§ **What you are asked to do**:
Retype the lines of the material below, exactly and only, from the one containing "Seventh blue planet" through the last line, with pictures left out.

§ **Supplied material**:
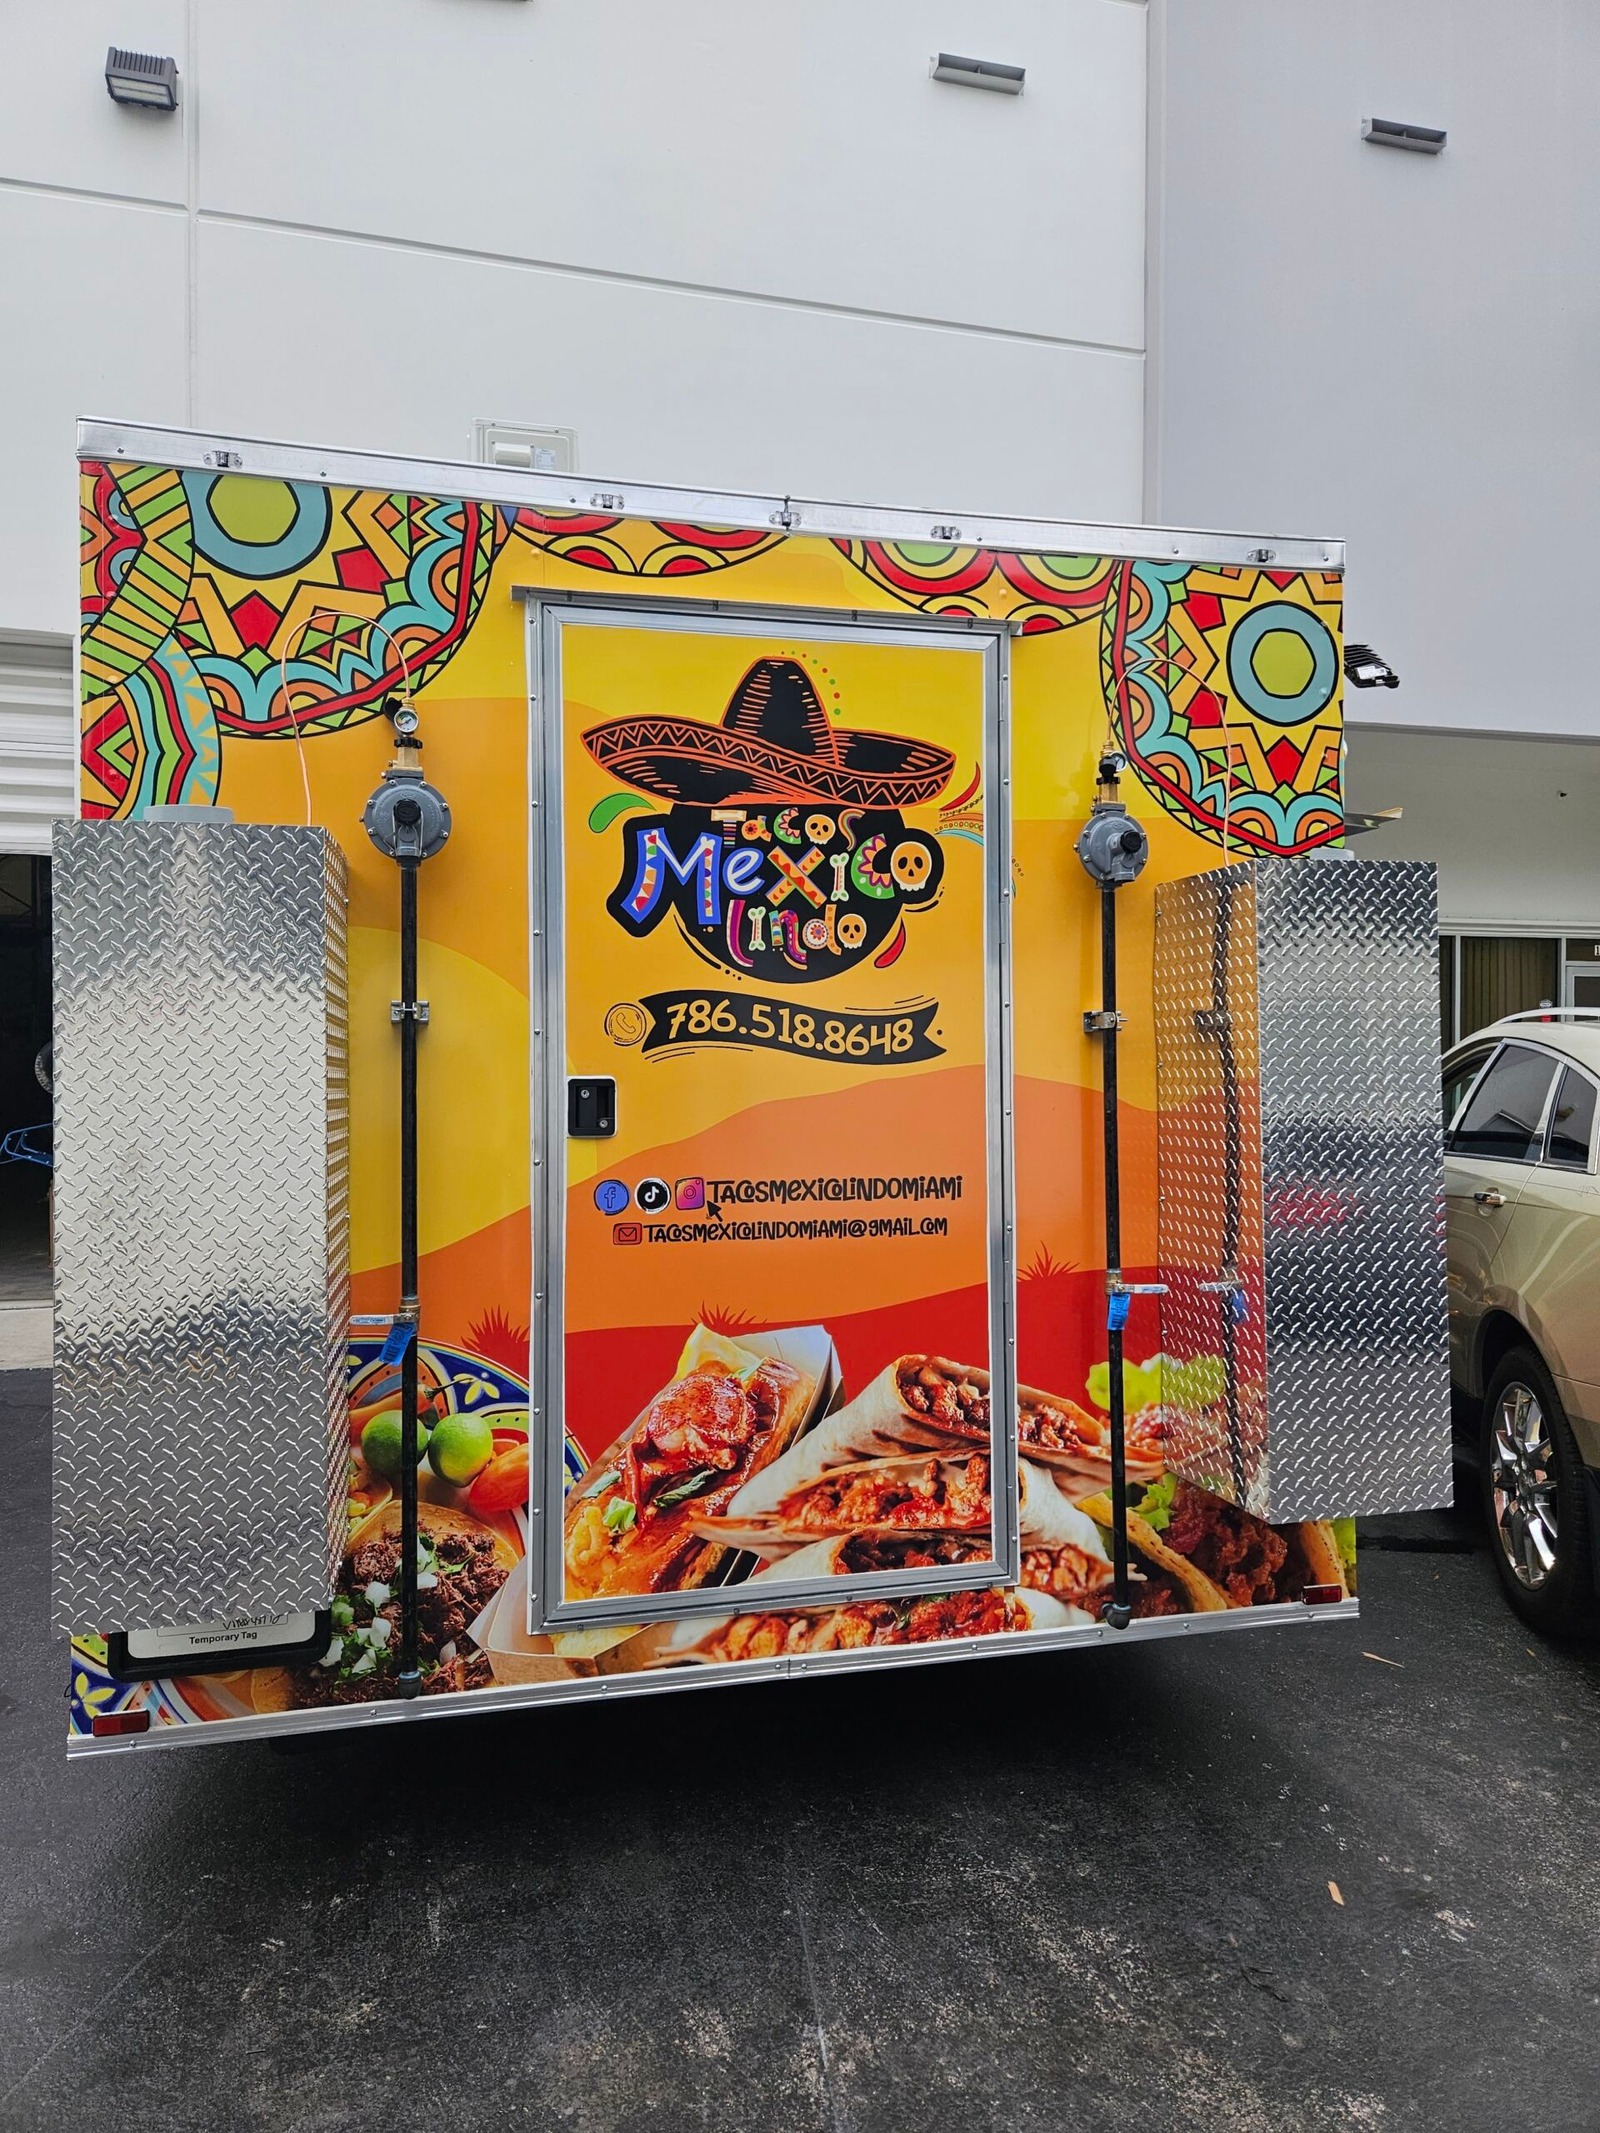 20231025 171900 scaled - Tacos Mexico Lindo Food Trailer
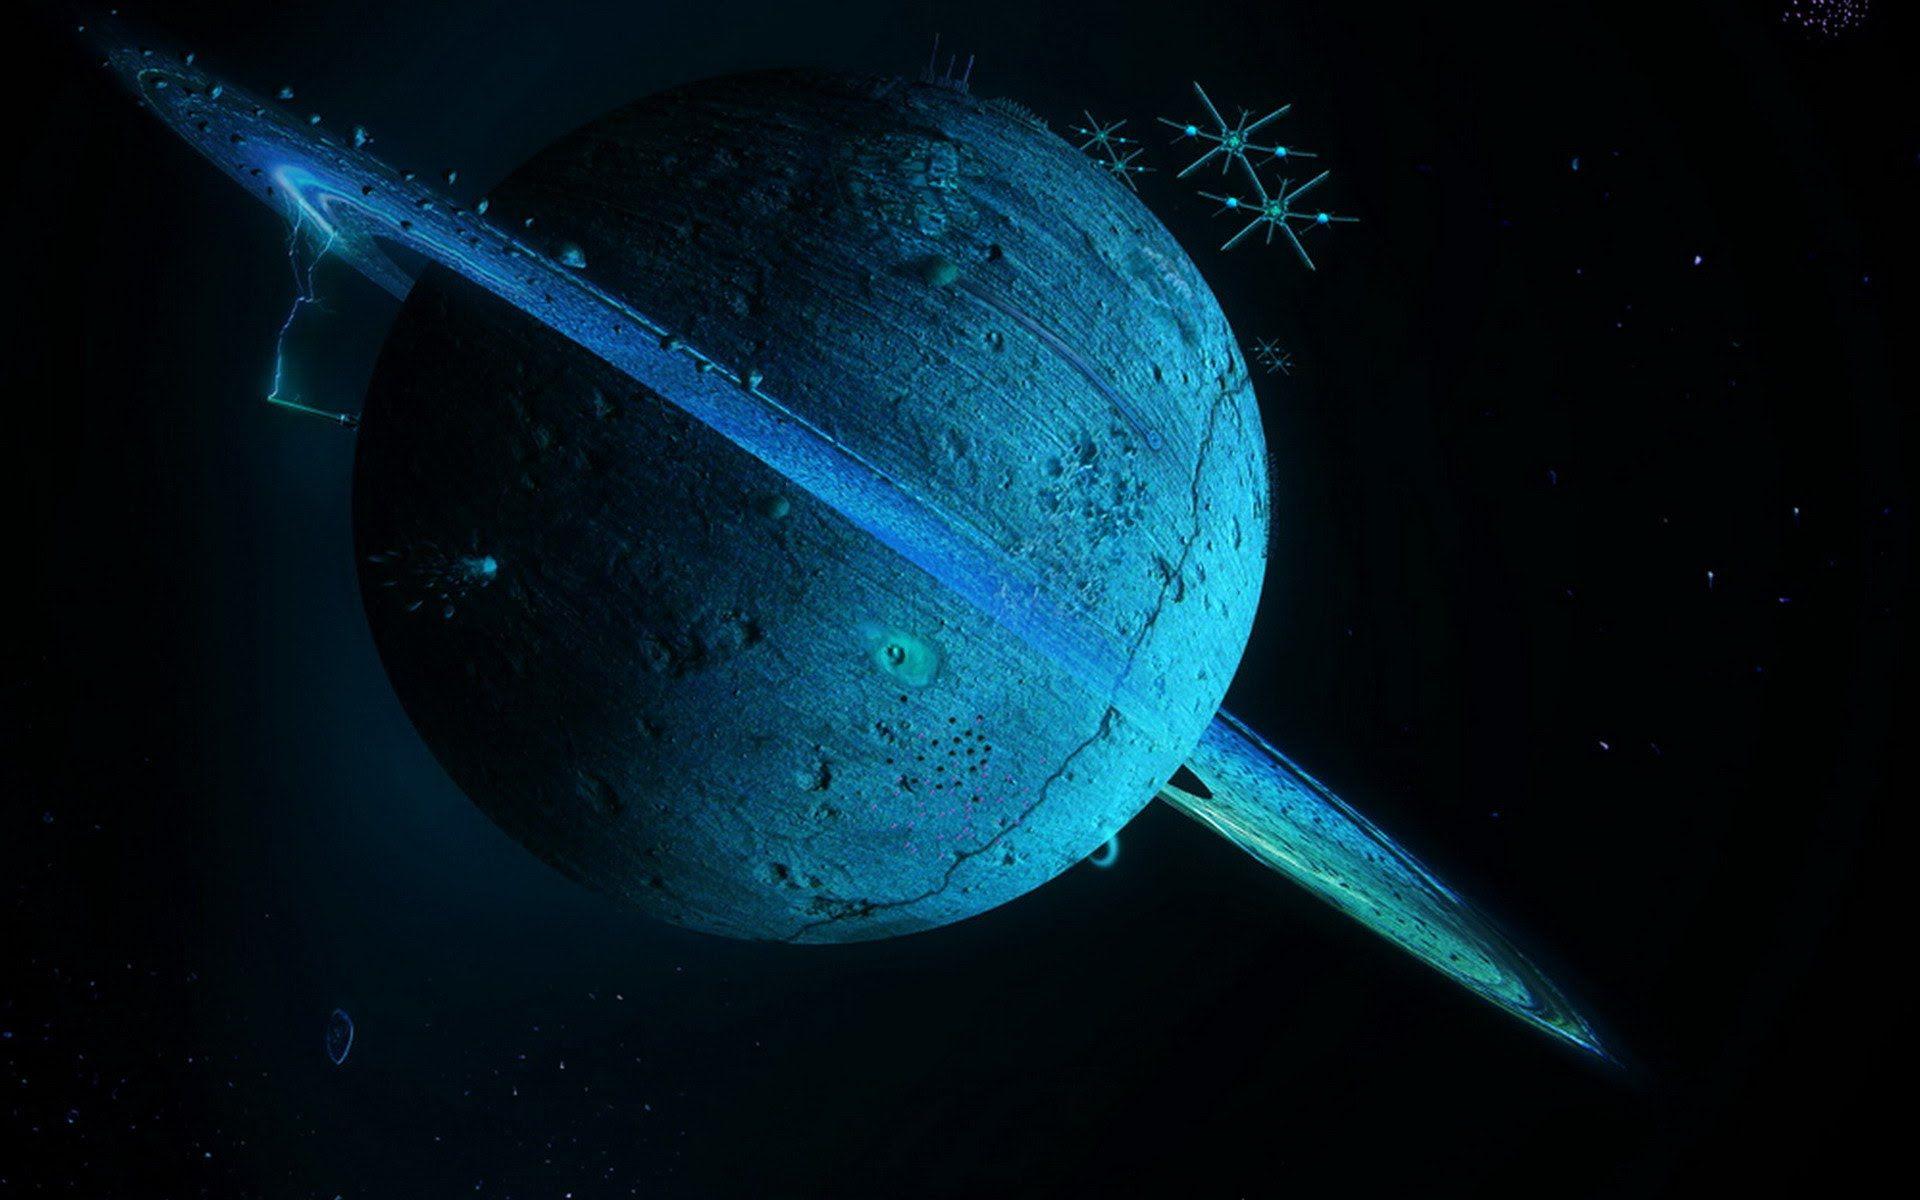 Seventh blue planet Uranus wallpaper and image
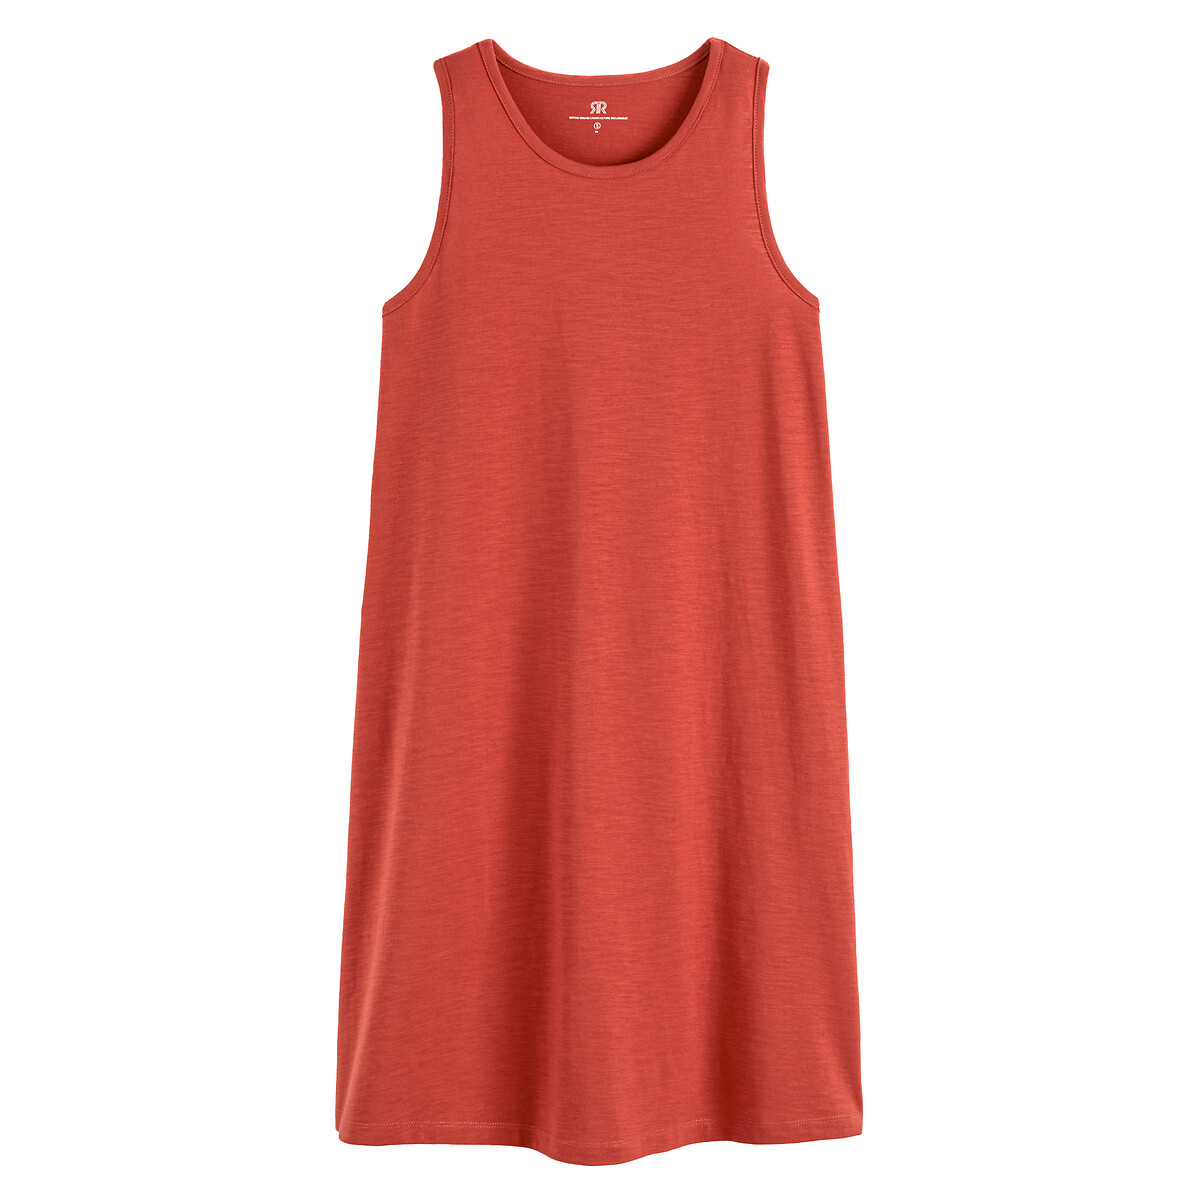 Платье Короткое без рукавов из трикотажа S красный LaRedoute, размер S - фото 5

§ **Answer box**:
 Seventh blue planet Uranus wallpaper and image
 Платье Короткое без рукавов из трикотажа S красный LaRedoute, размер S - фото 5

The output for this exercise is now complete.